Task material –
■ ■ ■ ■

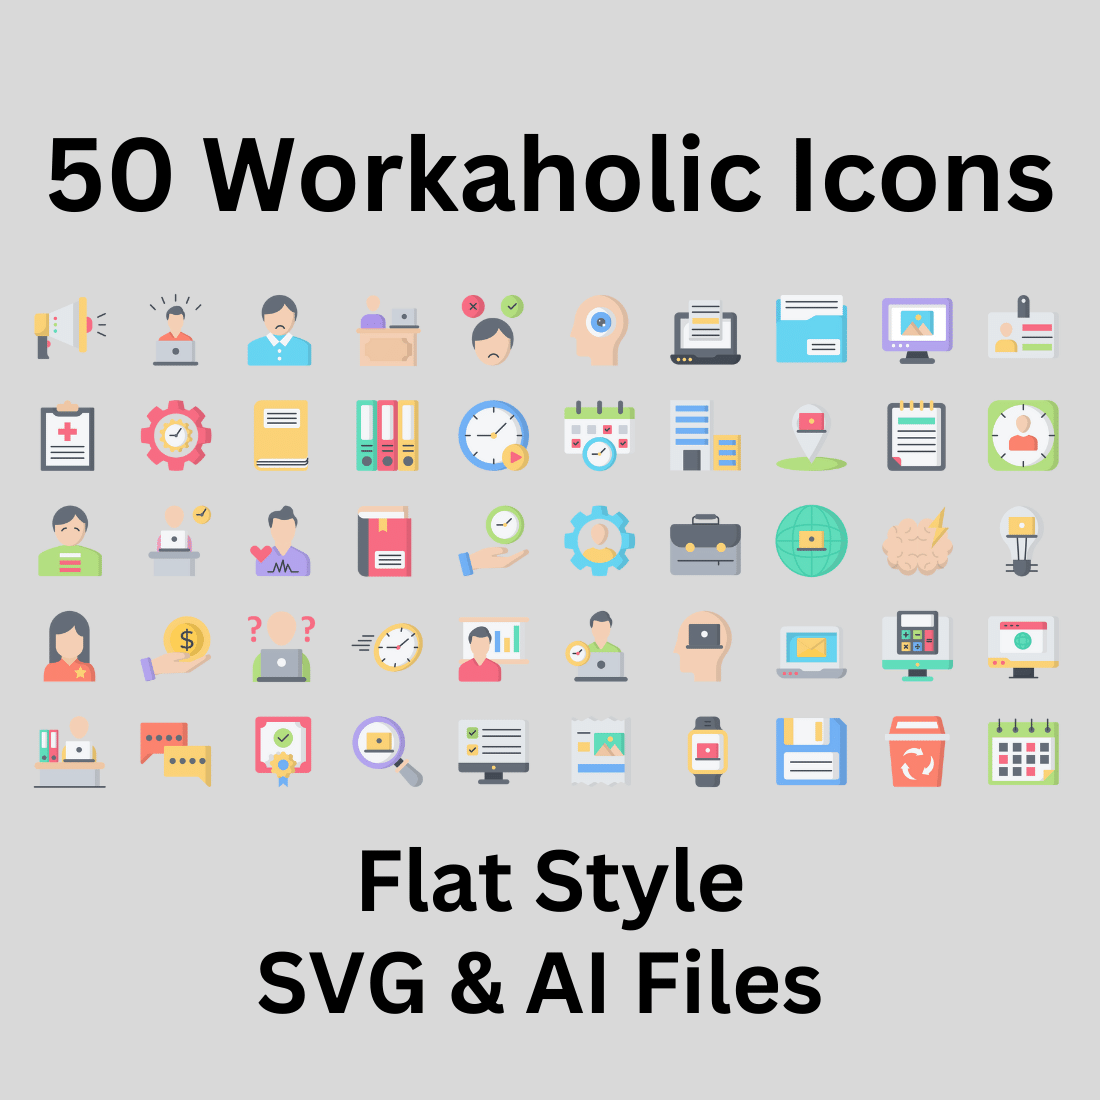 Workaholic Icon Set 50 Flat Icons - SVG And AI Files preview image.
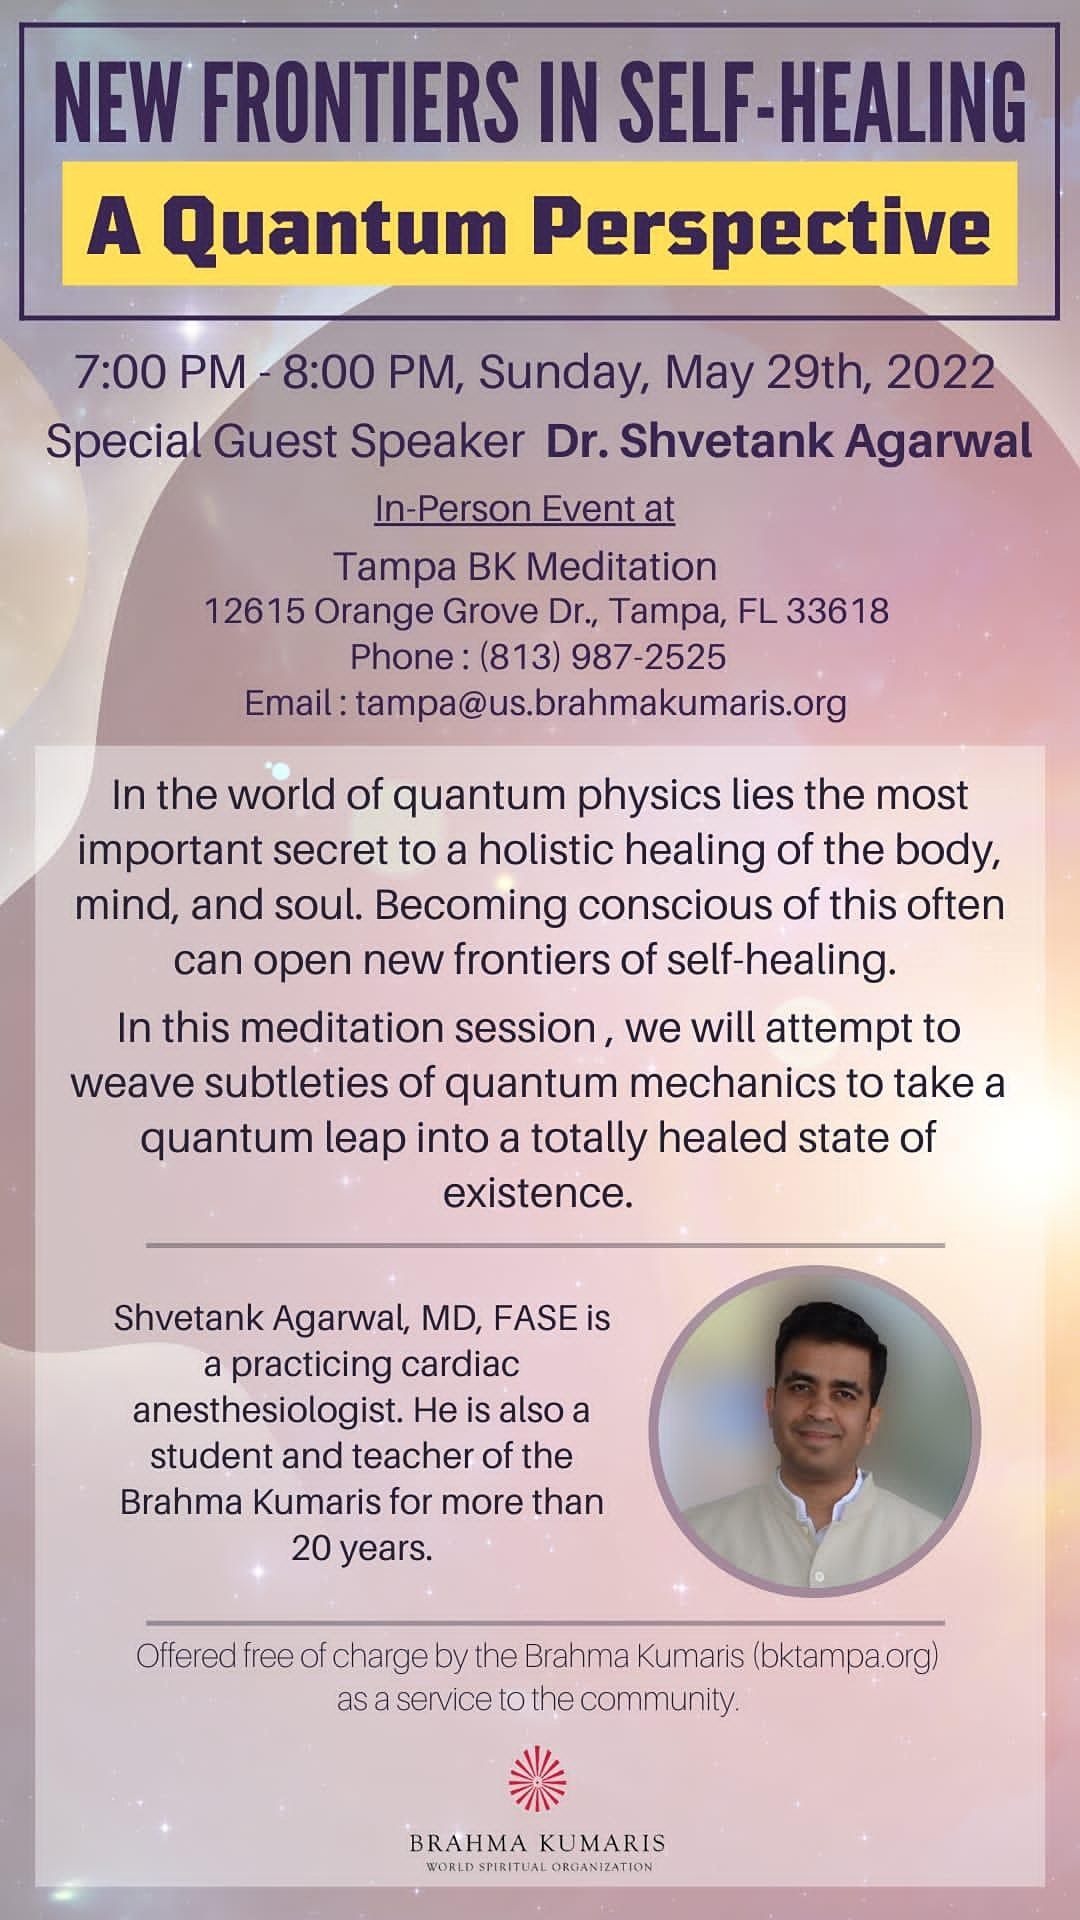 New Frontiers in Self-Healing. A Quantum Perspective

■ ■ ■ ■

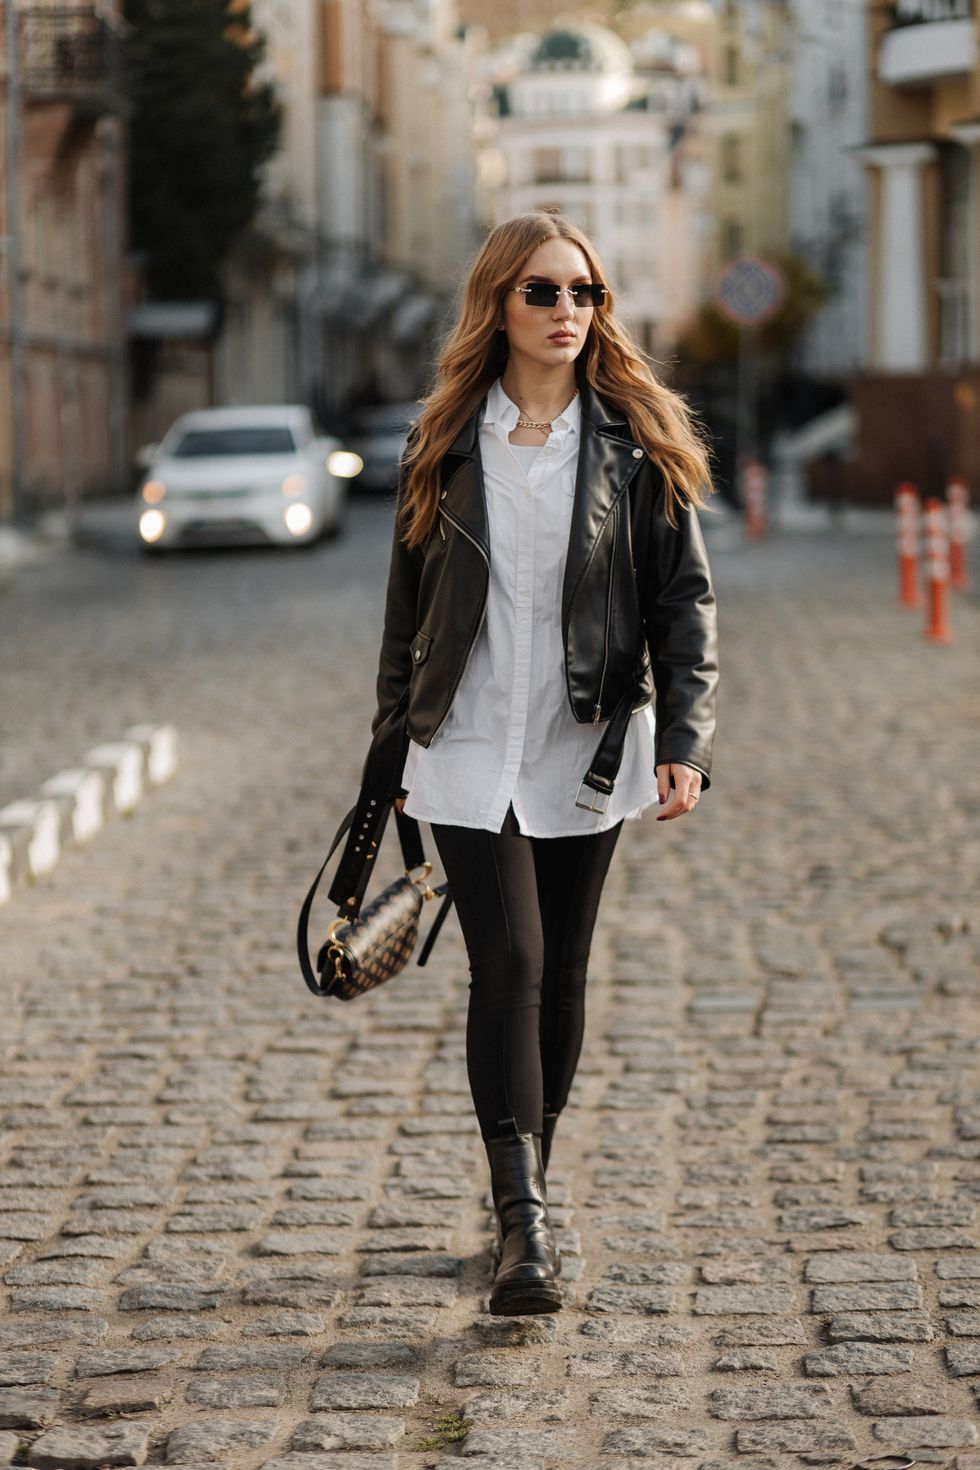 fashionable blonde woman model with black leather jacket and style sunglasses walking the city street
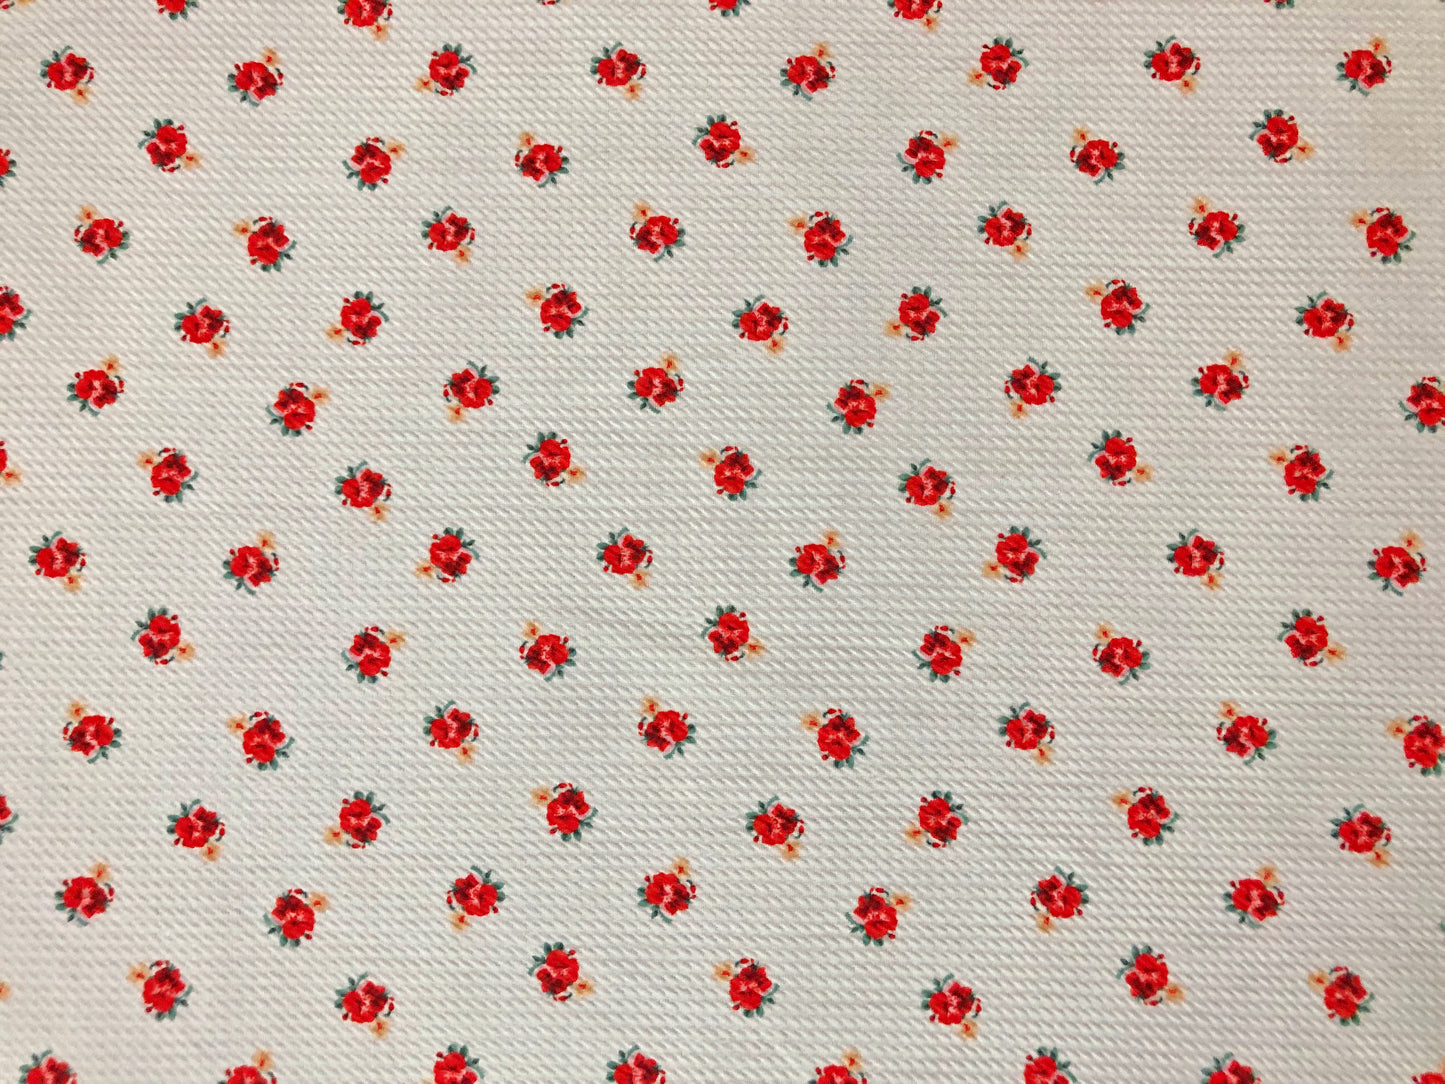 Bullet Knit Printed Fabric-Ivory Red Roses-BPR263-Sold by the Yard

■ ■ ■ ■

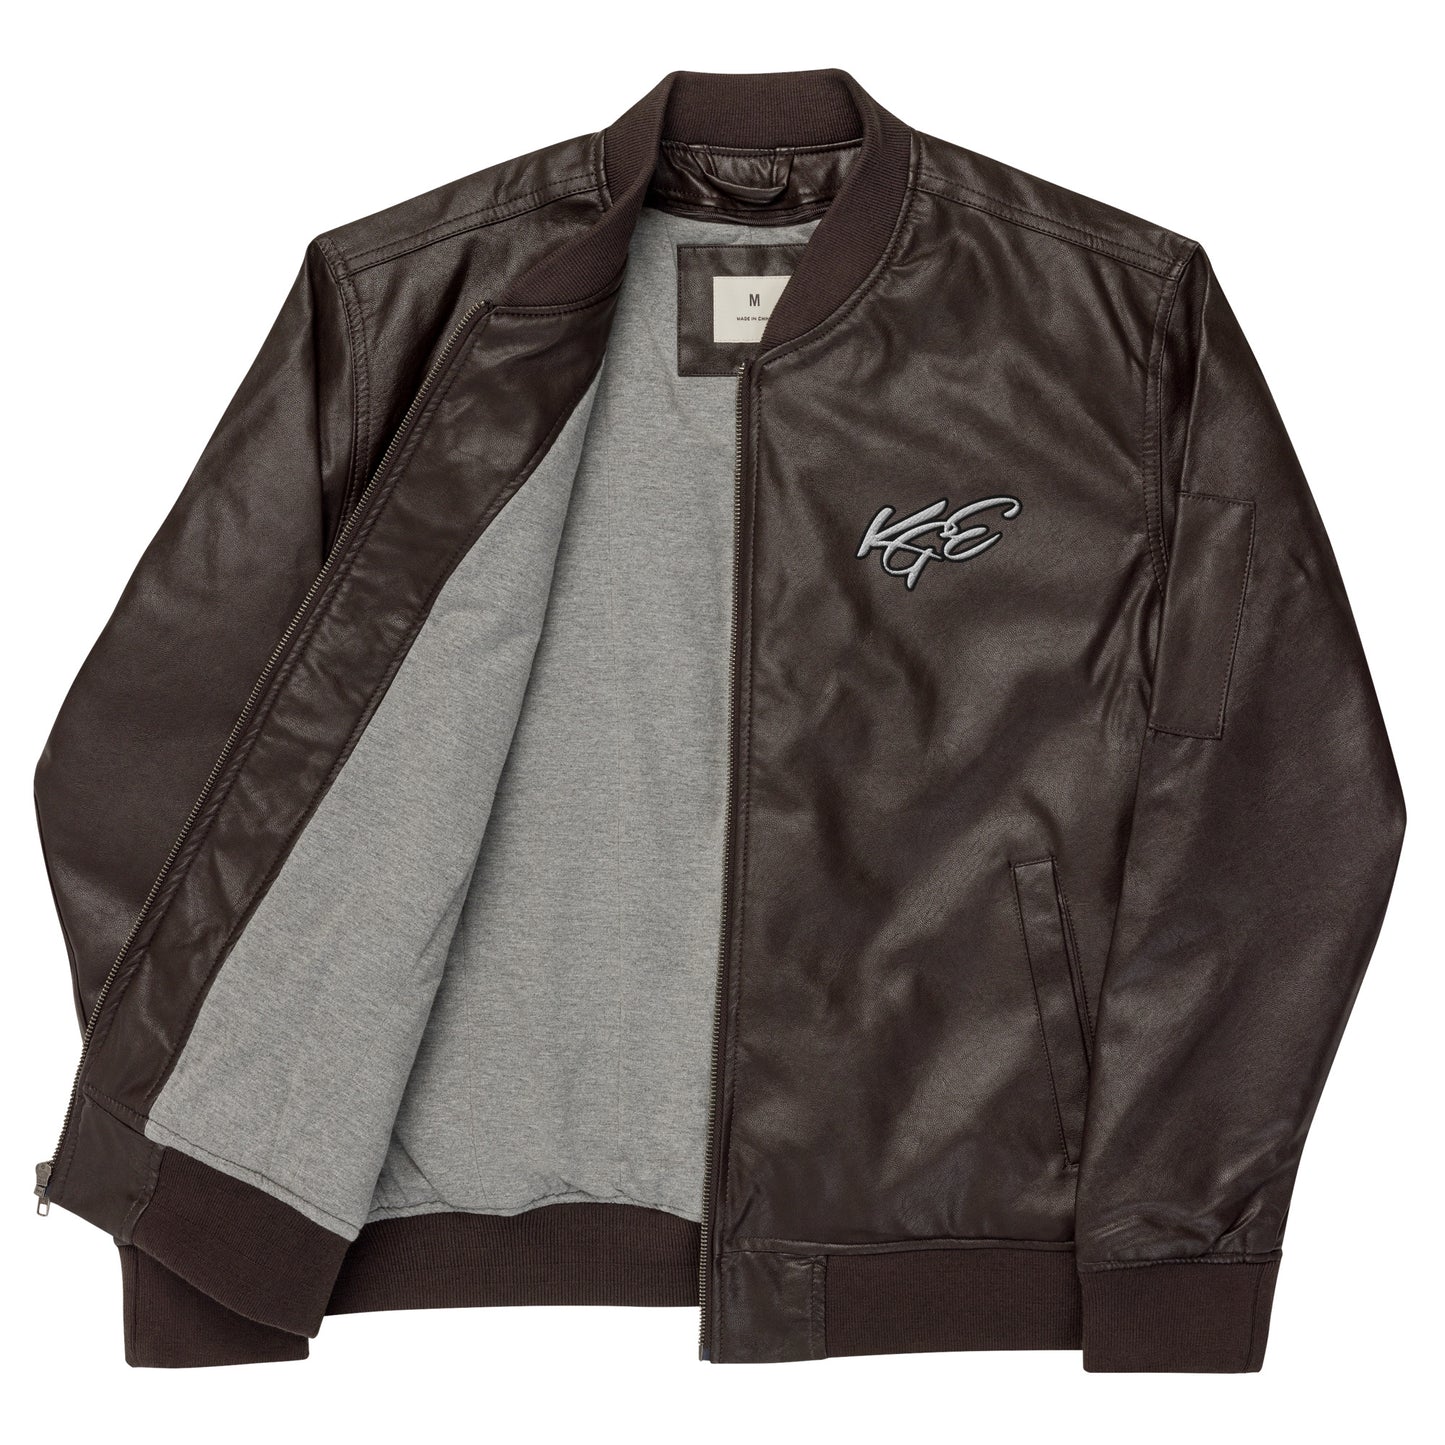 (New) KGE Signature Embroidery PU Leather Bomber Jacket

■ ■ ■ ■

Task instructions –
While skipping the pictures, transcribe the data above from the line showing "Workaholic Icon Set" through the line showing "New Frontiers in", exactly and with both ends.

Answer section –
 Workaholic Icon Set 50 Flat Icons - SVG And AI Files preview image.
 New Frontiers in Self-Healing. A Quantum Perspective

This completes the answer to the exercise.